• _TASK TO COMPLETE_: Print the whole listing again exactly, keeping no pictures in it.

• _SUPPLIED MATERIAL_:

═══

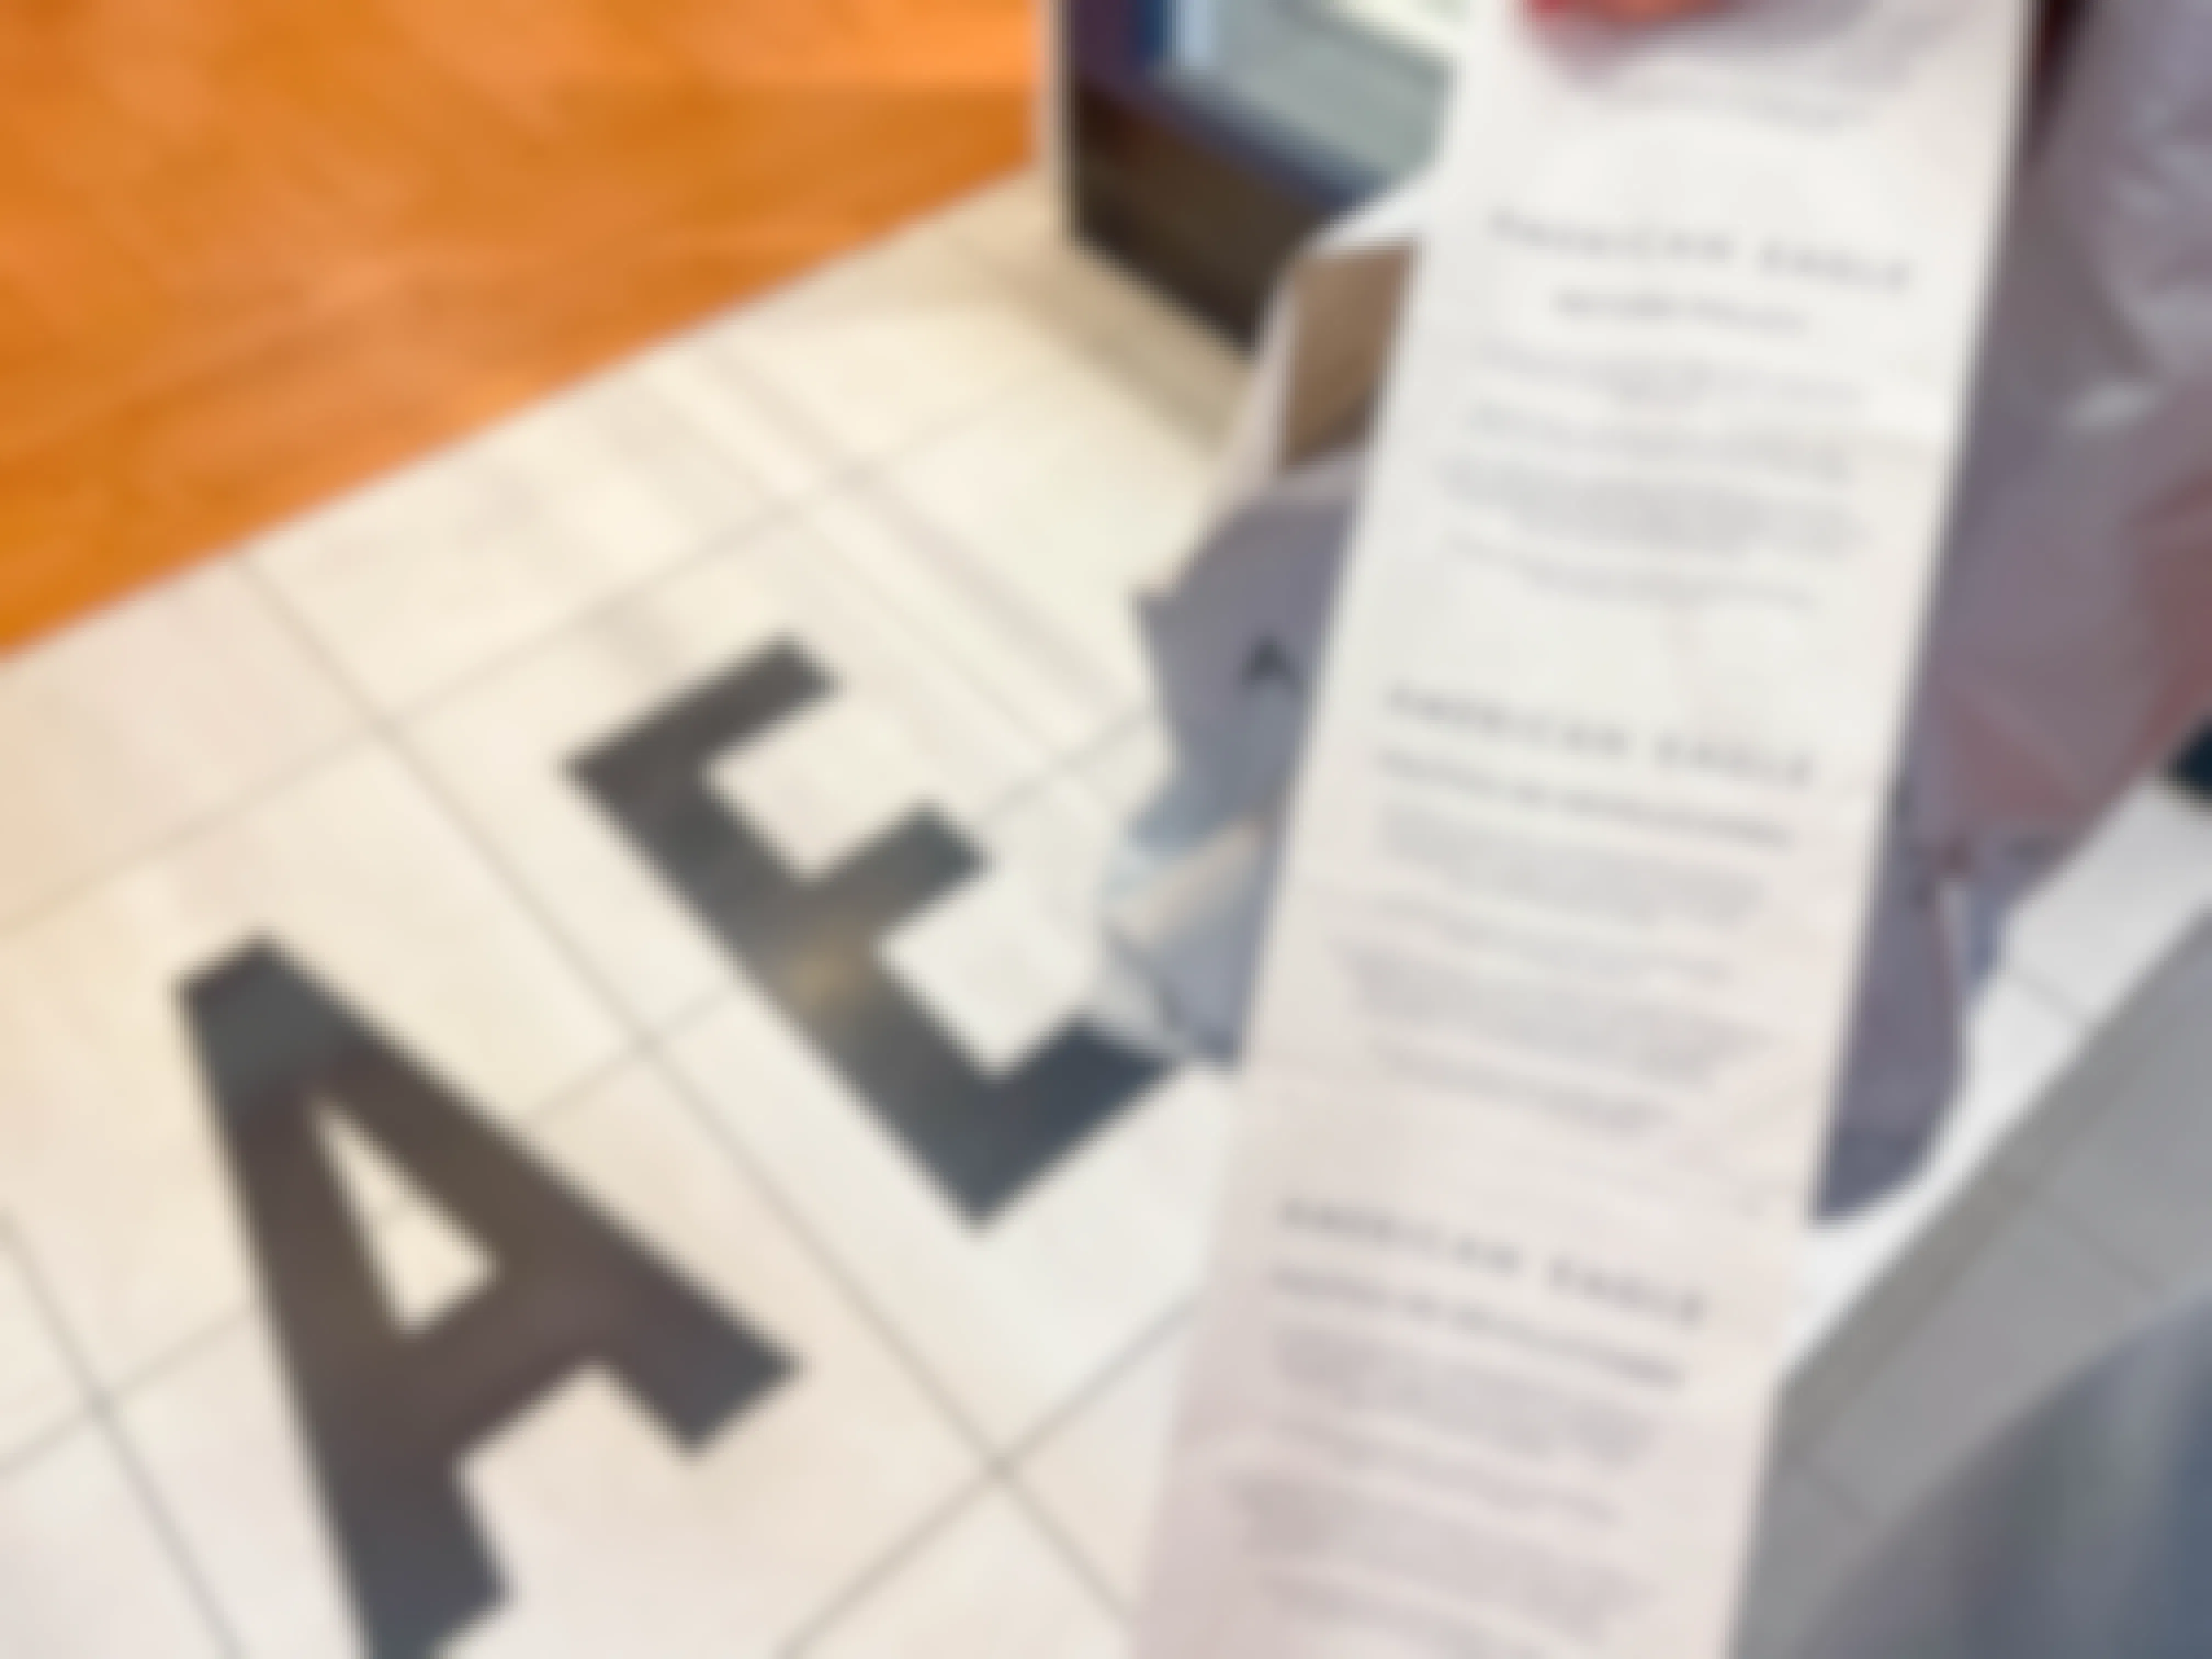 n american eagle receipt being held above store area 
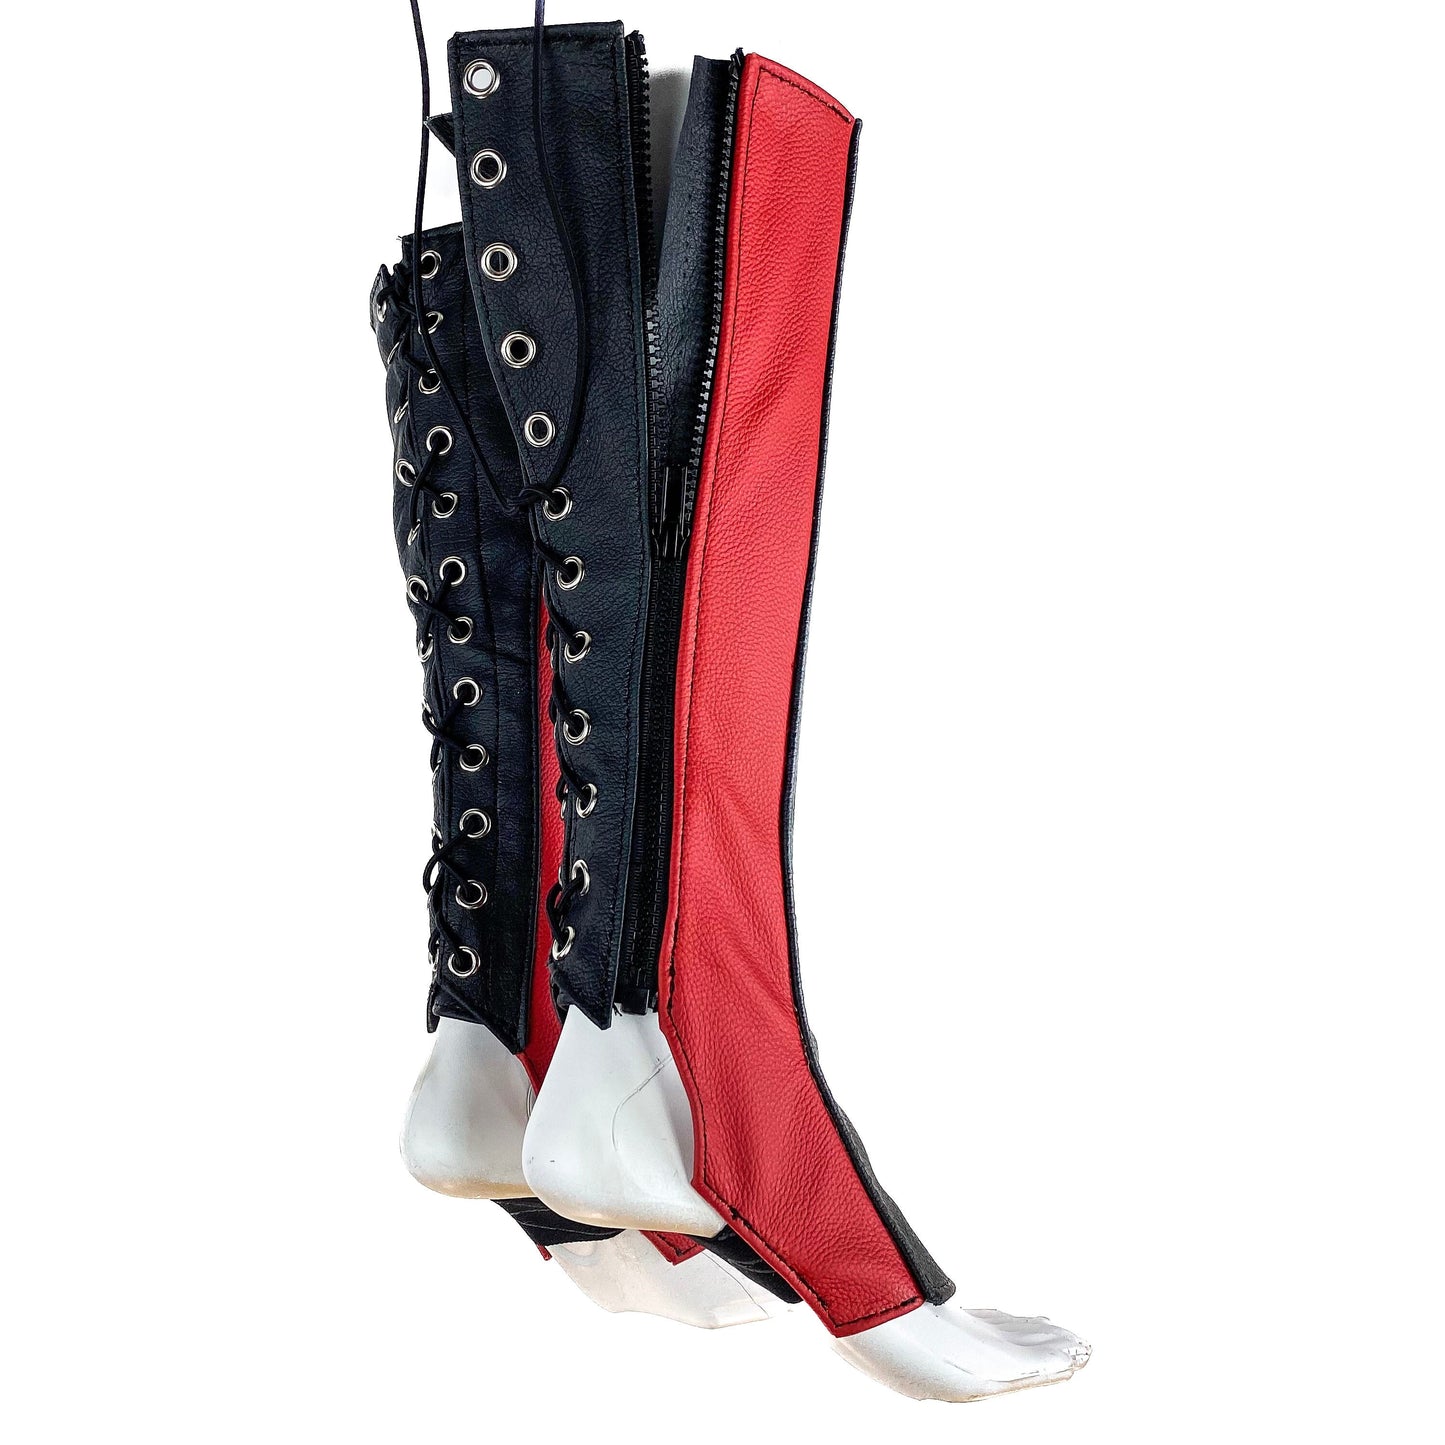 Genuine All Leather Kick Guards - Trapeze Boots - Zipper and Lace Closure - Aerial Boots/Gaiters - for Acrobatics, Costume, Wrestling
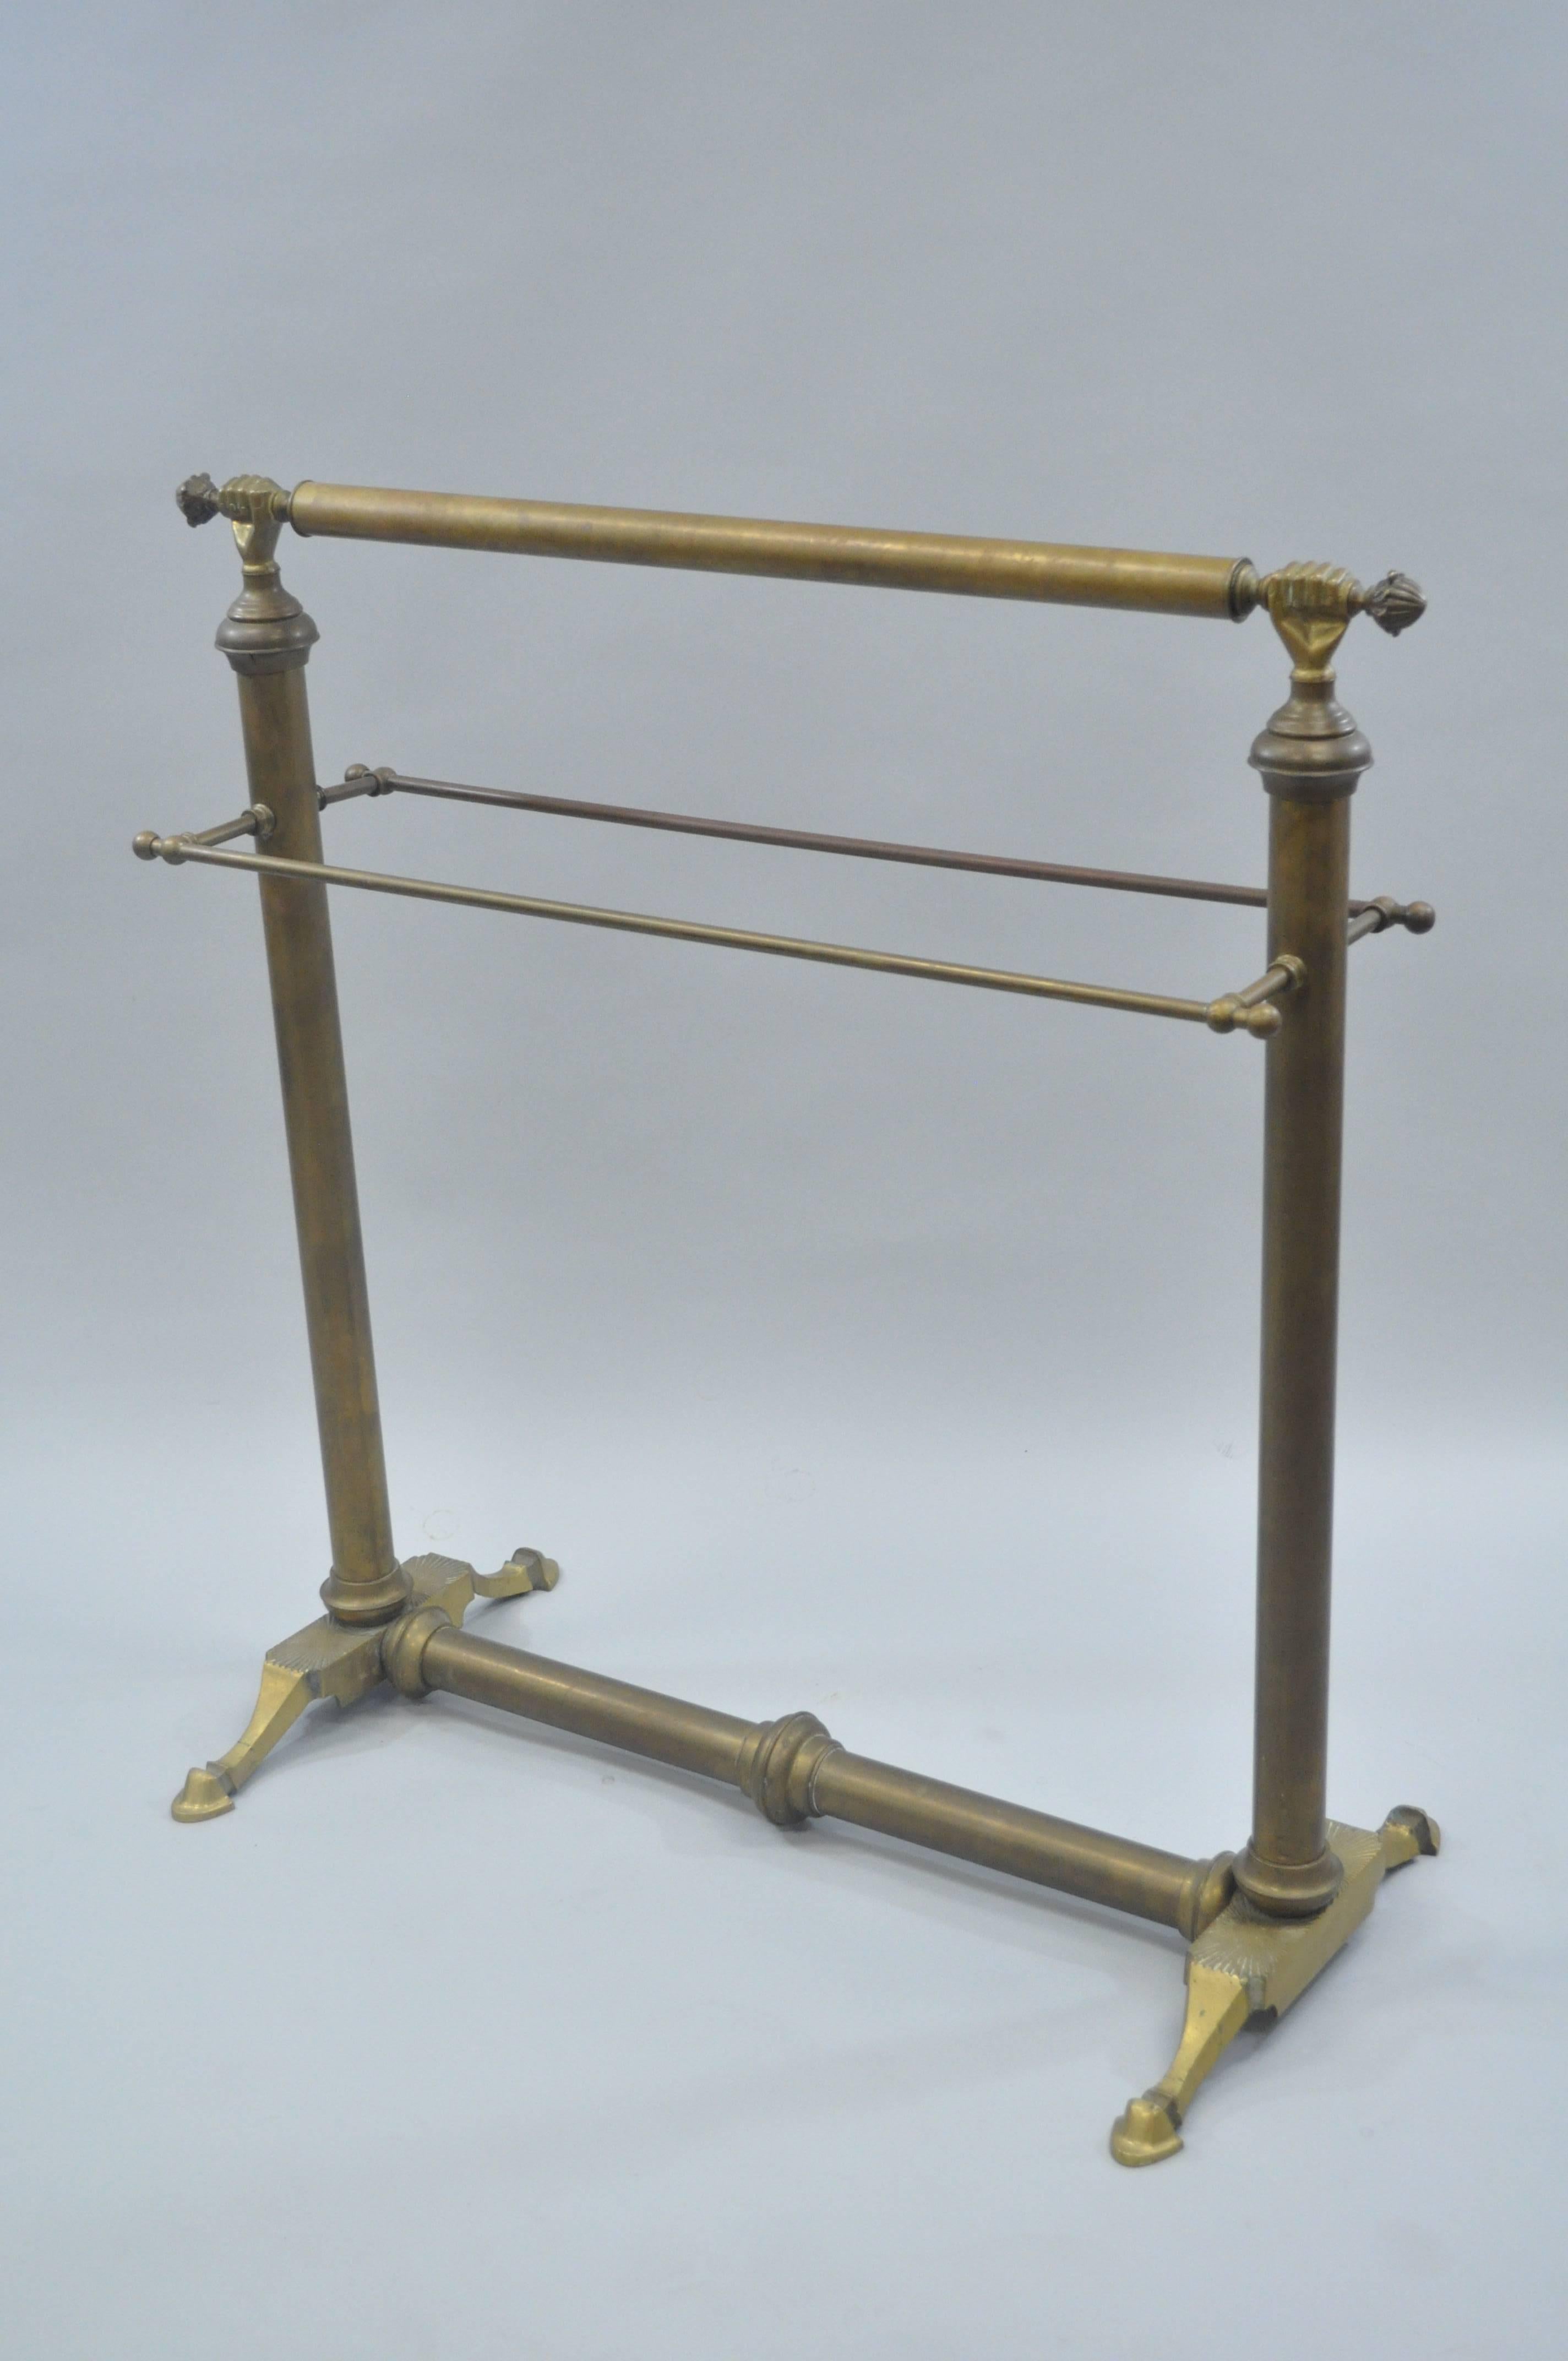 Clasped Hands Victorian Andre Arbus Style Brass Quilt Towel Rack Stand Holder 2

═══

• _SOLUTION FOR THIS EXERCISE_:
 n american eagle receipt being held above store area 
 Genuine All Leather Kick Guards - Trapeze Boots - Zipper and Lace Closure - Aerial Boots/Gaiters - for Acrobatics, Costume, Wrestling
 Clasped Hands Victorian Andre Arbus Style Brass Quilt Towel Rack Stand Holder 2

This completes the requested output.